INVENTORY COSTING AND CAPACITY ANALYSIS
9-1 No. Differences in operating income between variable costing and absorption costing are due to accounting for fixed manufacturing costs. Under variable costing only variable manufacturing costs are included as inventoriable costs. Under absorption costing both variable and fixed manufacturing costs are included as inventoriable costs. Fixed marketing and distribution costs are not accounted for differently under variable costing and absorption costing.
9-2 The term direct costing is a misnomer for variable costing for two reasons:
a. Variable costing does not include all direct costs as inventoriable costs. Only variable direct manufacturing costs are included. Any fixed direct manufacturing costs, and any direct nonmanufacturing costs (either variable or fixed), are excluded from inventoriable costs.
b. Variable costing includes as inventoriable costs not only direct manufacturing costs but also some indirect costs (variable indirect manufacturing costs).
9-3 No. The difference between absorption costing and variable costs is due to accounting for fixed manufacturing costs. As service or merchandising companies have no fixed manufacturing costs, these companies do not make choices between absorption costing and variable costing.

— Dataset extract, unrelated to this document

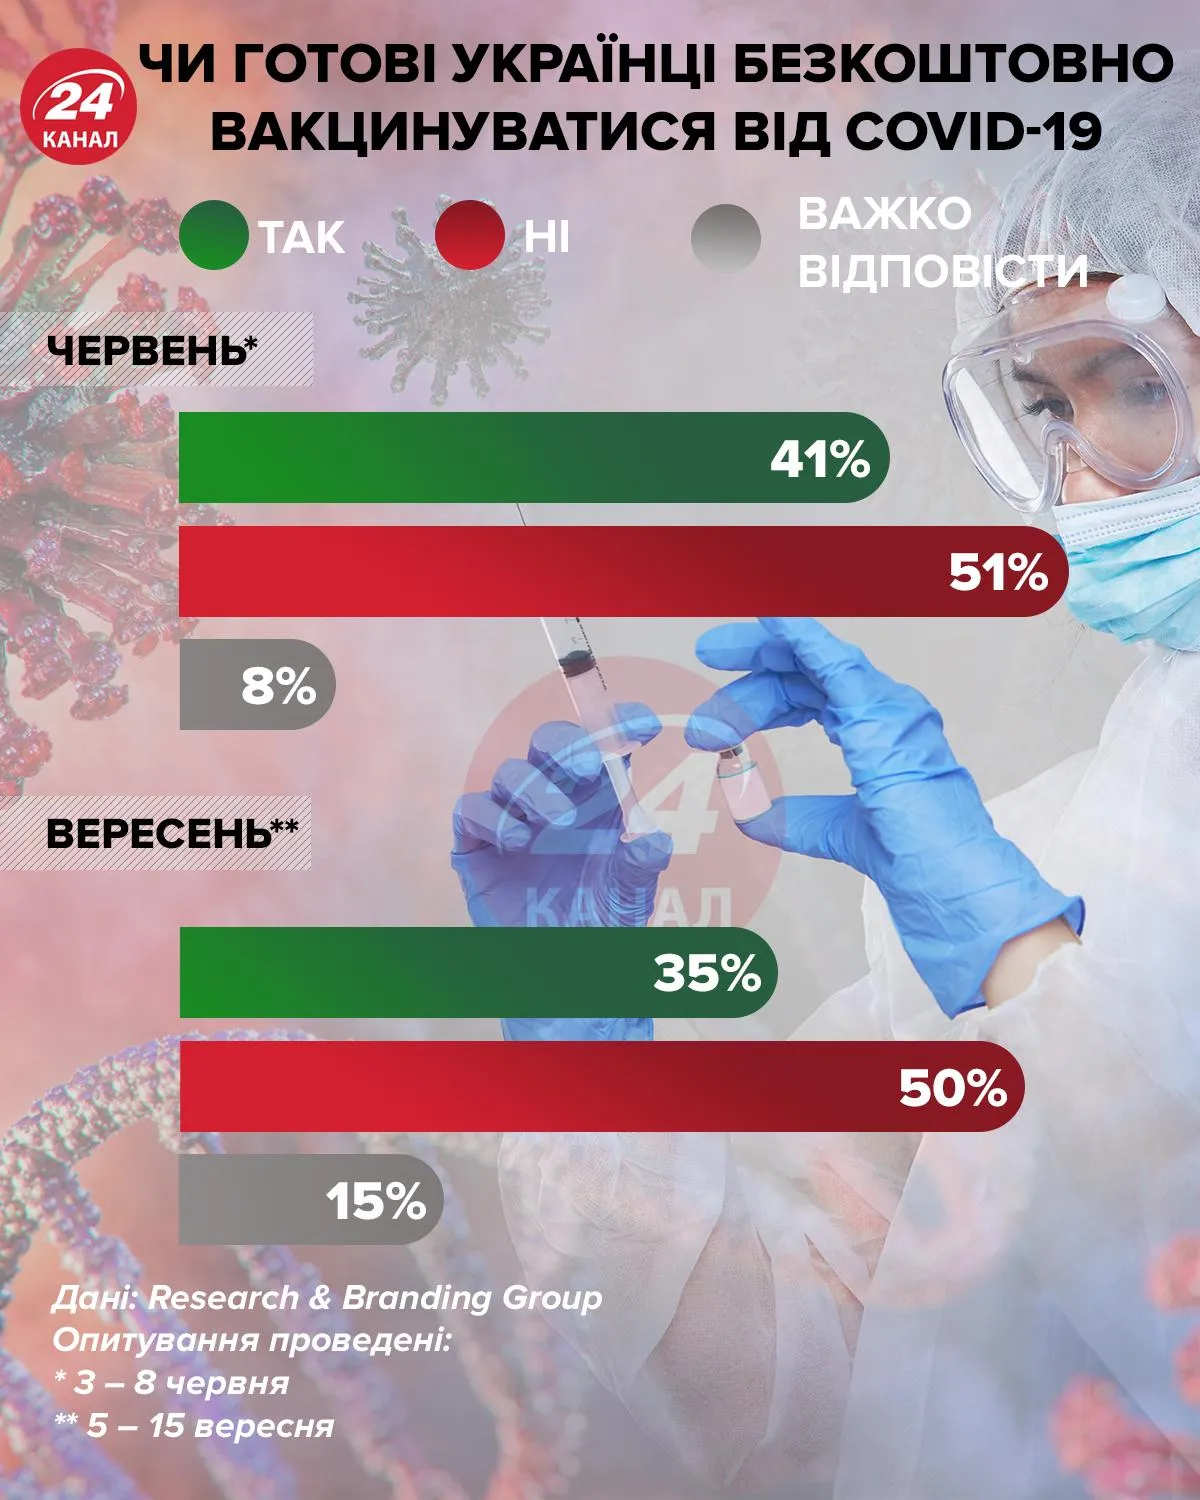 Готовы ли украинцы бесплатно прививаться от коронавируса инфографика 24 канал
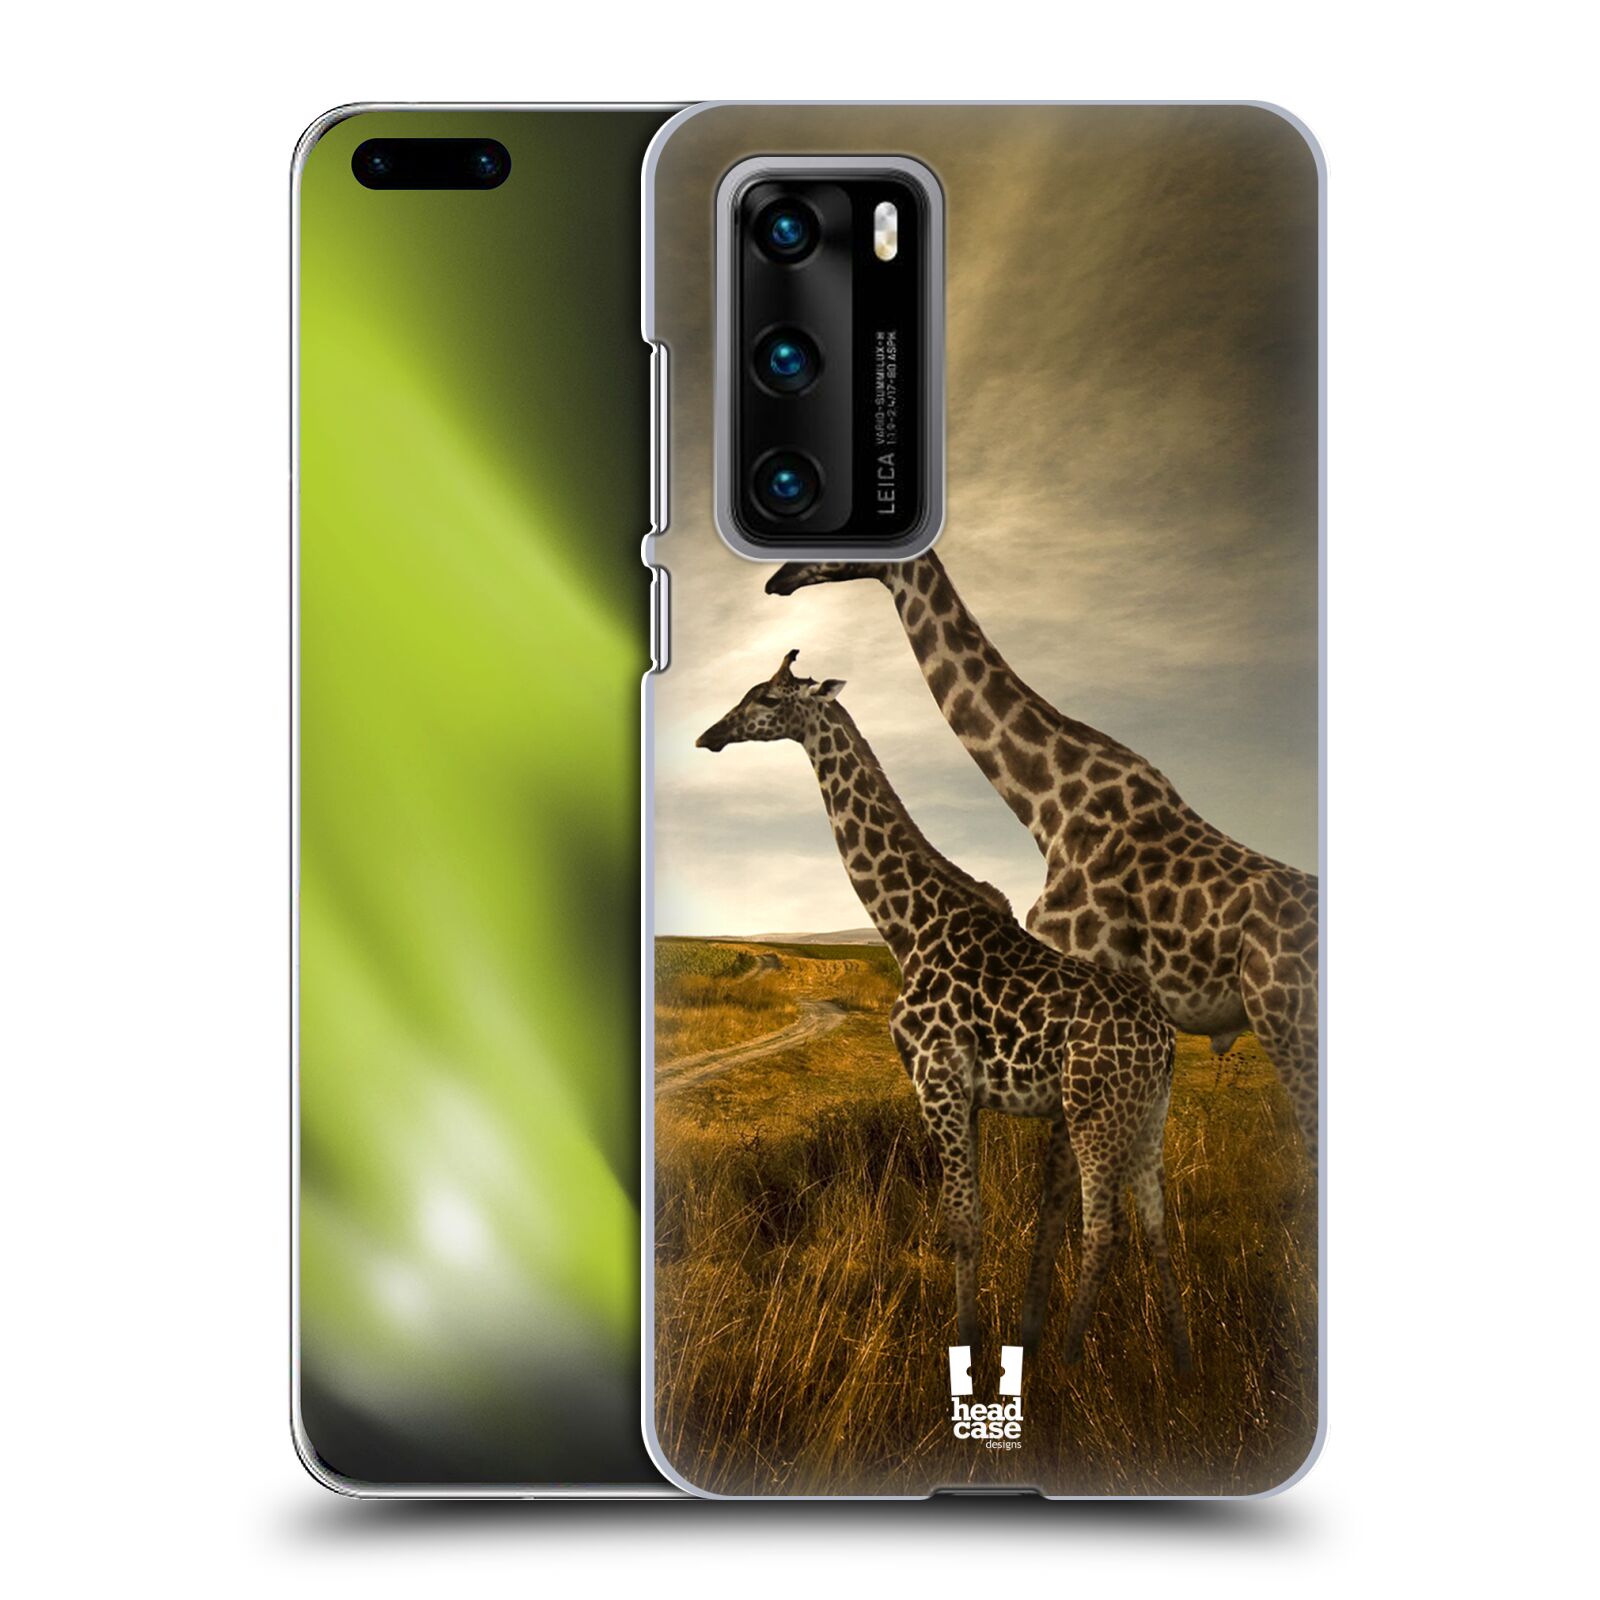 Zadní obal pro mobil Huawei P40 - HEAD CASE - Svět zvířat žirafy

9-4 The main issue between variable costing and absorption costing is the proper timing of the release of fixed manufacturing costs as costs of the period:
a. at the time of incurrence, or
b. at the time the finished units to which the fixed overhead relates are sold.
Variable costing uses (a) and absorption costing uses (b).
9-5 No. A company that makes a variable-cost/fixed-cost distinction is not forced to use any specific costing method. The Stassen Company example in the text of Chapter 9 makes a variable-cost/fixed-cost distinction. As illustrated, it can use variable costing, absorption costing, or throughput costing.